Iris dataset is included and used in default.

  • Modification: for each species, setosa is encoded to 0, versicolor is encoded to 1, and virginica samples were removed.
  • Split: for each species, first 25 samples were included in train.csv, and last 25 samples were included in test.csv.

How to use

  1. Install dependencies.

    pip install 'kedro==0.18.14' pandas scikit-learn 
  2. Generate your Kedro starter project from sklearn-iris directory.

    kedro new --starter https://github.com/Minyus/kedro-starters-sklearn.git --directory sklearn-iris

    As explained by Kedro's documentaion, enter project_name, repo_name, and python_package.

    Note: As your Python package name, choose a unique name and avoid a generic name such as "test" or "sklearn" used by another package. You can see the list of importable packages by running python -c "help('modules')".

  3. Change the current directory to the generated project directory.

    cd /path/to/project/directory
  4. Run the project.

    kedro run

Option to use Kaggle Titanic dataset

  1. Download Kaggle Titanic dataset
  2. Replace train.csv and test.csv in /path/to/project/directory/data/01_raw directory
  3. Modify /path/to/project/directory/base/parameters.yml to set parameters appropriate for the dataset (commented out in default)

sklearn-mlflow-iris template

This template integrates MLflow to Kedro using PipelineX. Even without writing MLflow code. You can:

  • configure MLflow Tracking
  • log inputs and outputs of Python functions set up as Kedro nodes as parameters (e.g. features used to train the model) and metrics (e.g. F1 score).
  • log execution time for each Kedro node and DataSet loading/saving as metrics.
  • log artifacts (e.g. models, execution time Gantt Chart visualized by Plotly, parameters.yml file)
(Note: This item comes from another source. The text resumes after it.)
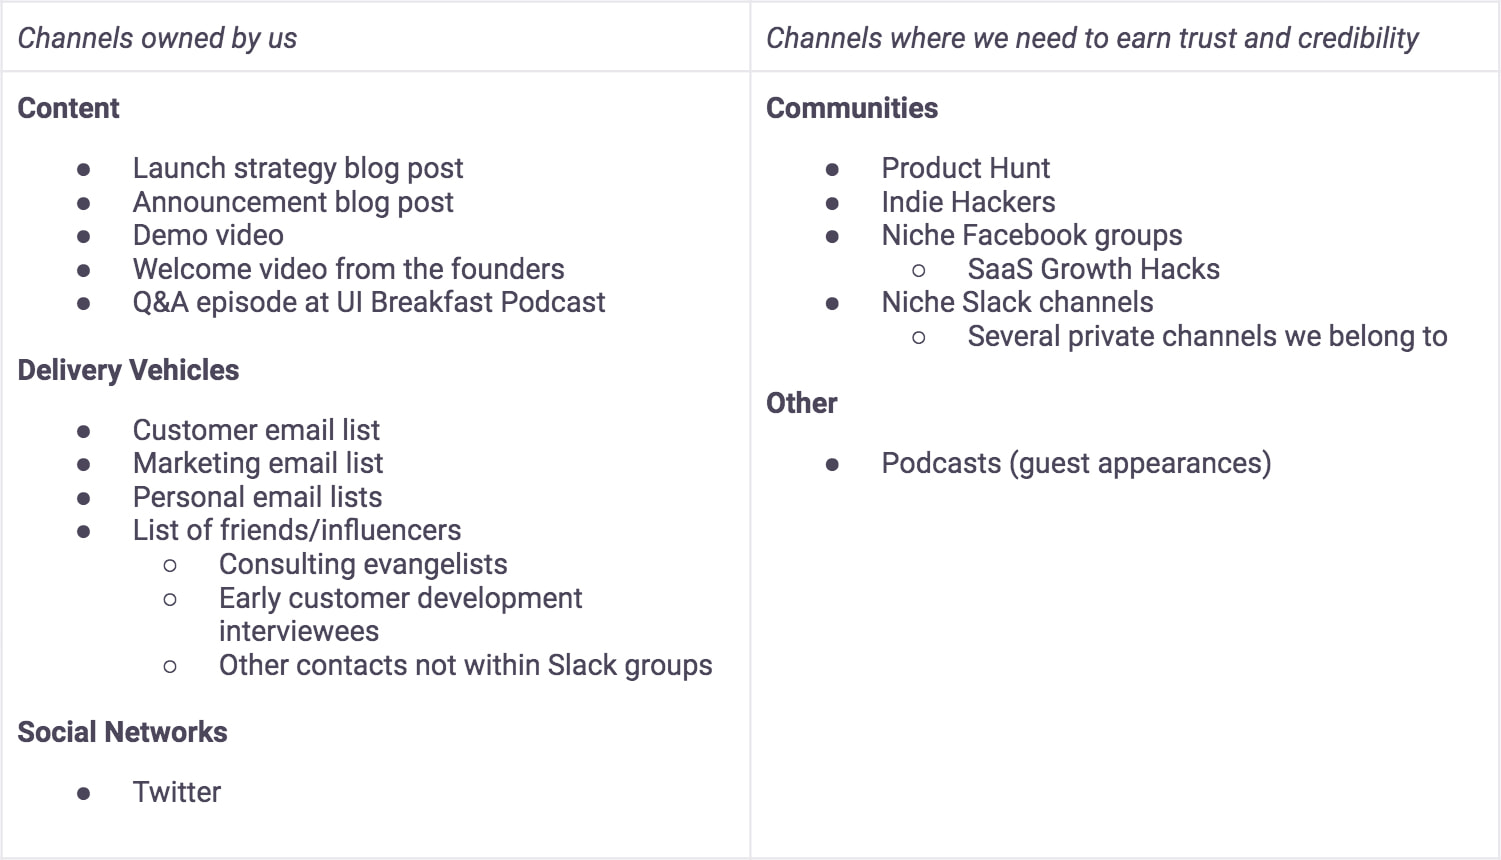 Behind the Scenes of Our Upcoming Public Launch: Screenshot of a table containing the customized List of launch channels

In this template, MLflow logging is configured in Python code at src/<python_package>/mlflow/mlflow_config.py

See here for details.

How to use

  1. Install dependencies.

    pip install 'kedro==0.18.14' pandas scikit-learn mlflow 'pipelinex>=0.7.7' plotly
  2. Generate your Kedro starter project from sklearn-mlflow-iris directory.

    kedro new --starter https://github.com/Minyus/kedro-starters-sklearn.git --directory sklearn-mlflow-iris
  3. Follow the same steps as sklearn-iris template.

Access MLflow web UI

To access the MLflow web UI, launch the MLflow server.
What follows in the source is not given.